Article 5 of the MDD states that compliance with applicable ERs can be presumed if conformity with Harmonized Standards can be demonstrated. Knowing what is harmonized, however, is not always straightforward. One key resource is found in the Medical Device information online. This site identifies harmonized standards, whether they supersede another standard, and the date after which the presumption of conformity ceases. However, this site is not updated in real time and there may be standards (or versions) that are harmonized and yet are not listed.

Once the standard is published, however, review of the standard itself should clarify whether it is harmonized. Harmonized standards are considered horizontal if they apply broadly across devices or vertical if they apply only to a subgroup of devices, but all contain an Annex (Z) that describes the scope of ERs for which compliance can be presumed if conformity is met. While conformity with harmonized standards is not required to demonstrate compliance with the ERs, ER compliance justifications must be provided for solutions when relevant harmonized standard sections are not applied in full.

One of the biggest differences between MDD and U.S. FDA regulations is the requirement that, regardless of device classification, conformity with the ERs must include a risk appropriate Clinical Evaluation Report (CER) on the subject device or equivalent devices that is conducted by an individual with appropriate qualifications to evaluate the technology, research methodology and clinical diagnosis/management. For implantable and EU Class III devices, a clinical investigation is also required unless duly justified to rely on existing clinical data.

Many manufacturers mistakenly interpret this requirement to mean that only a literature review and predicate device substantial equivalence (similar to what is required in a US 510[k]) must be demonstrated. Four documents (EN ISO 14155-1, GHTF N2R8, MEDDEV 2.7.1 and MEDDEV 2.12-2) all discuss what is required to fulfill this requirement and detail multiple parameters that are to be included in the CER.

Before any clinical data is even considered as being applicable, equivalence between the subject and comparable devices must be demonstrated based on similarity of clinical, technical and biological parameters with special attention to the performance, principles of operation, and materials.

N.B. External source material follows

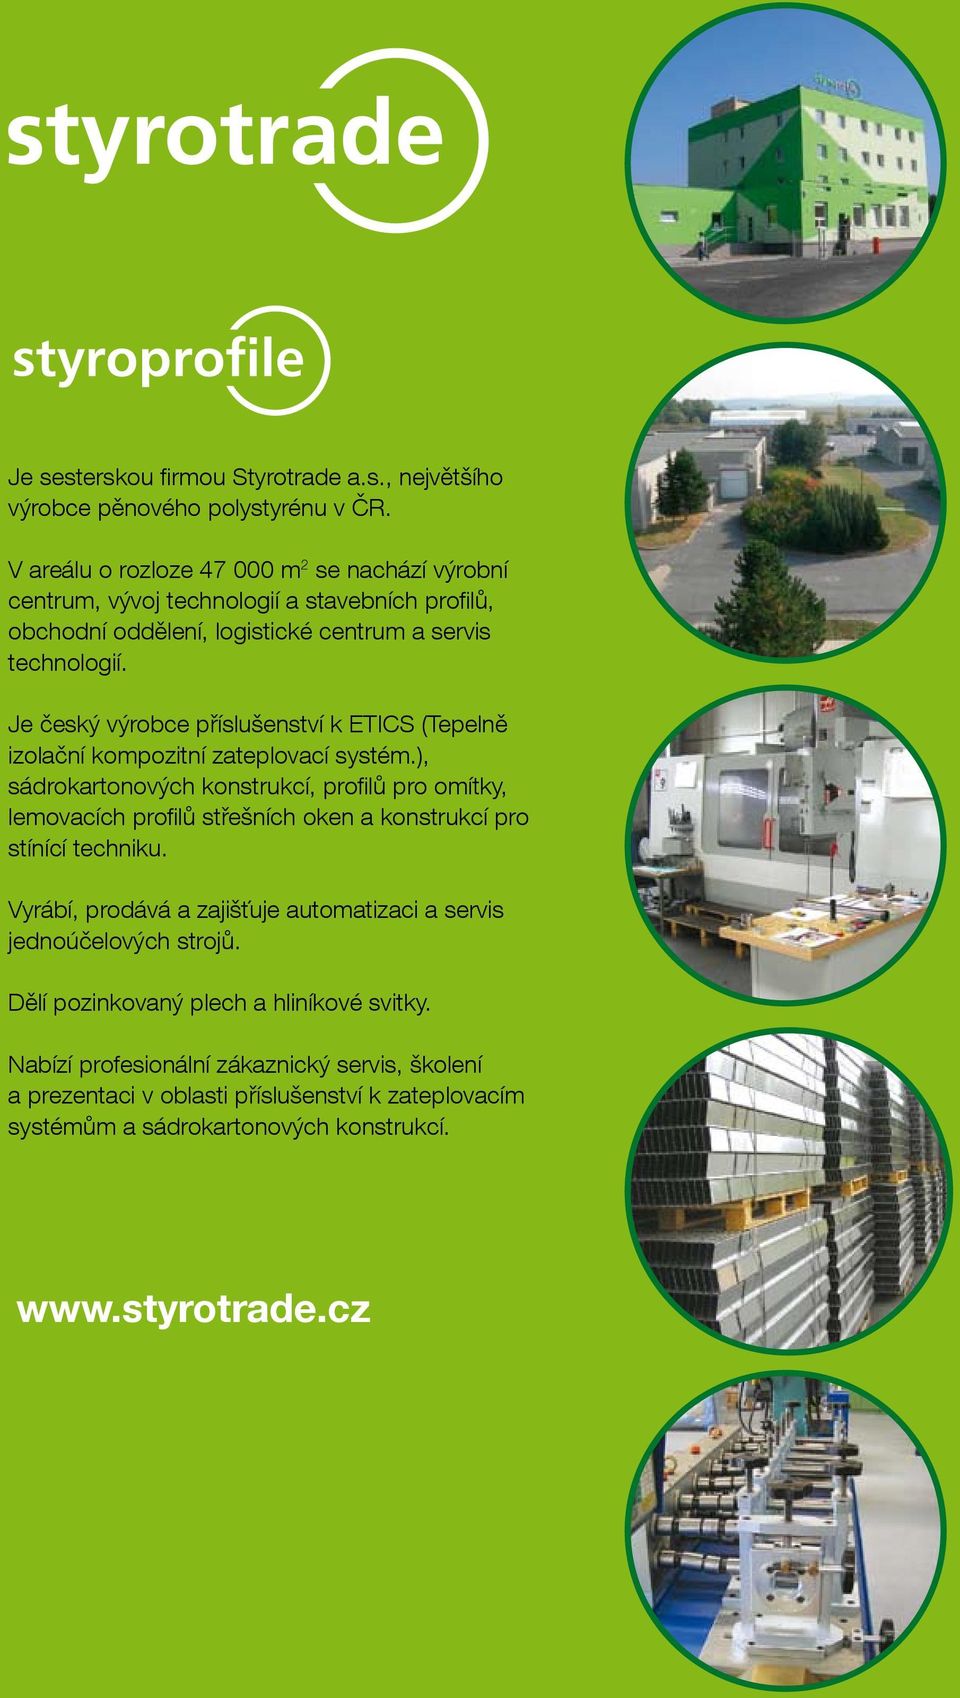 Je český výrobce příslušenství k ETICS (Tepelně izolační kompozitní zateplovací systém.
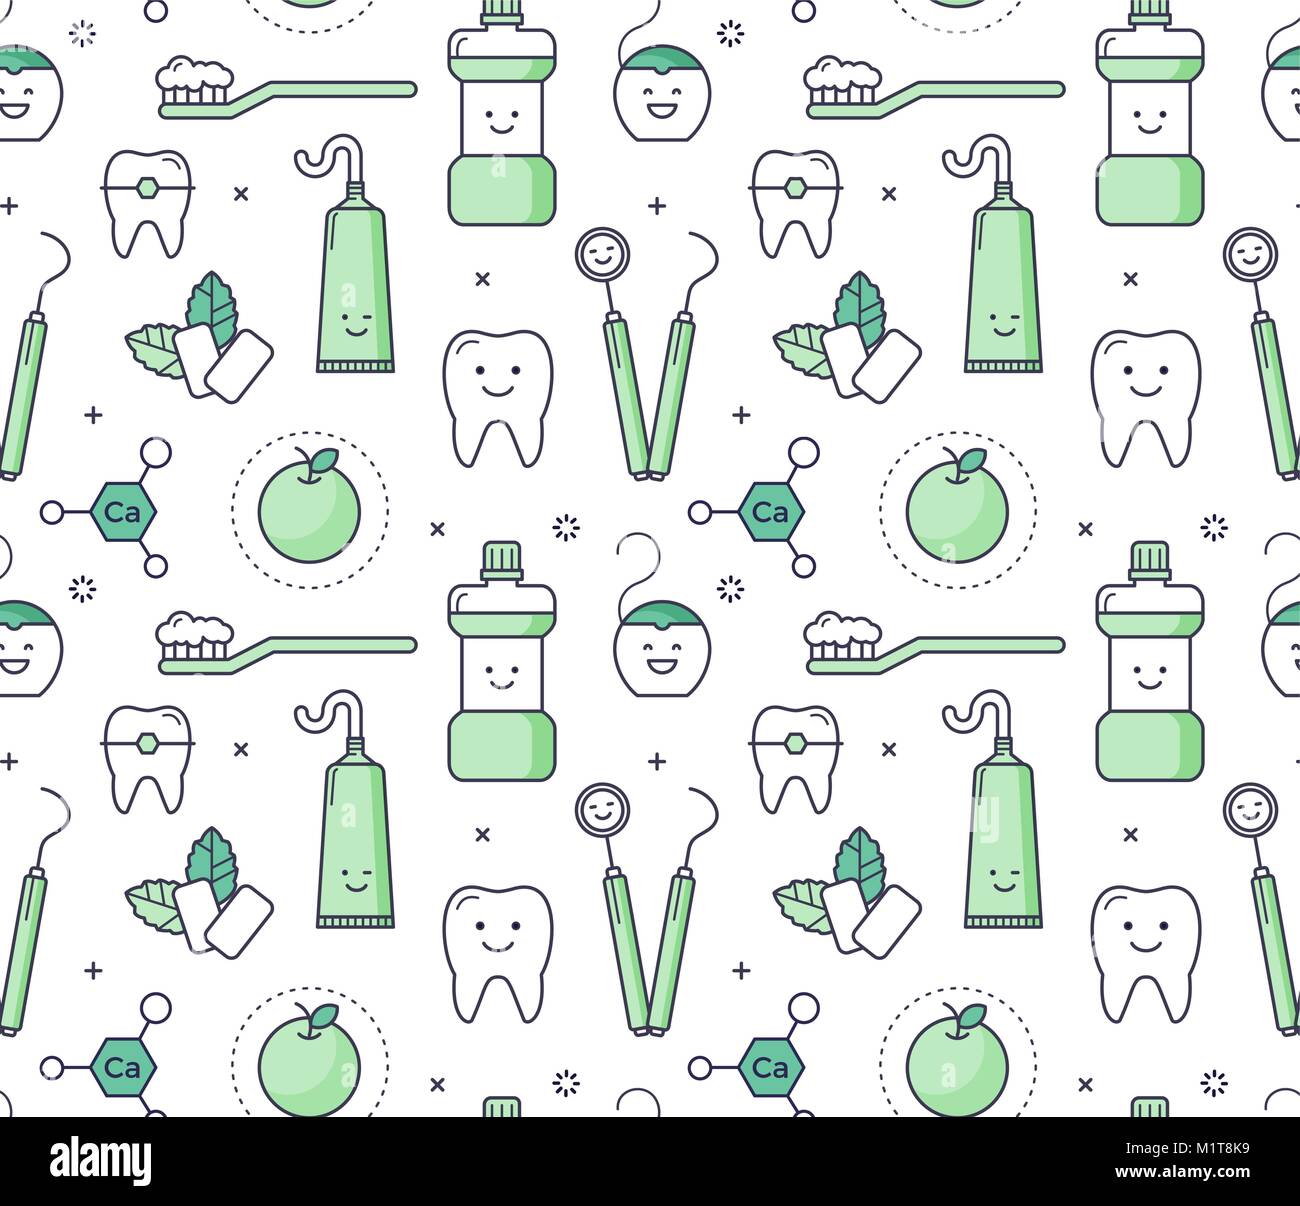 Zahnarzt Werkzeug Zahnschmuck Vektor care Symbol isoliert Klinik Heilung  Zahnmedizin Zahnmedizin design Arzt Ausrüstung bohren Stock-Vektorgrafik -  Alamy

If differences are identified, an assessment must be documented to demonstrate the significance these differences might have on safety and performance.

Assuming equivalence can be demonstrated, the clinical data must also show that the device safety and performance is consistent with state of the art. It is not sufficient to be equivalent to a marginally performing device if state of the art performance is significantly better. For devices containing or utilizing animal tissue (per Directive 2003/32/EC), additional clinical benefit must be demonstrated beyond synthetic or lower risk animal devices as well as demonstrating acceptable risk. Short- or medium-term (relative to intended device lifetime) clinical data may be sufficient to justify not performing a clinical investigation, but may not be sufficient to warrant not performing Postmarket Clinical Follow-up (PMCF).

Annex X of the MDD requires that the clinical evaluation and its documentation must be actively updated with data obtained from the postmarket surveillance (PMS). Hazards identified during PMS must also be actively compared to those identified in the risk management file, which must be updated if new hazards are identified or previous assumptions are found to be no longer valid. The linkage between risk management and PMS is fundamental to continued device certification and is frequently missed.

Even though the CER is a required element for certification, completion is often seen only as a regulatory hurdle and left to the end of the development cycle.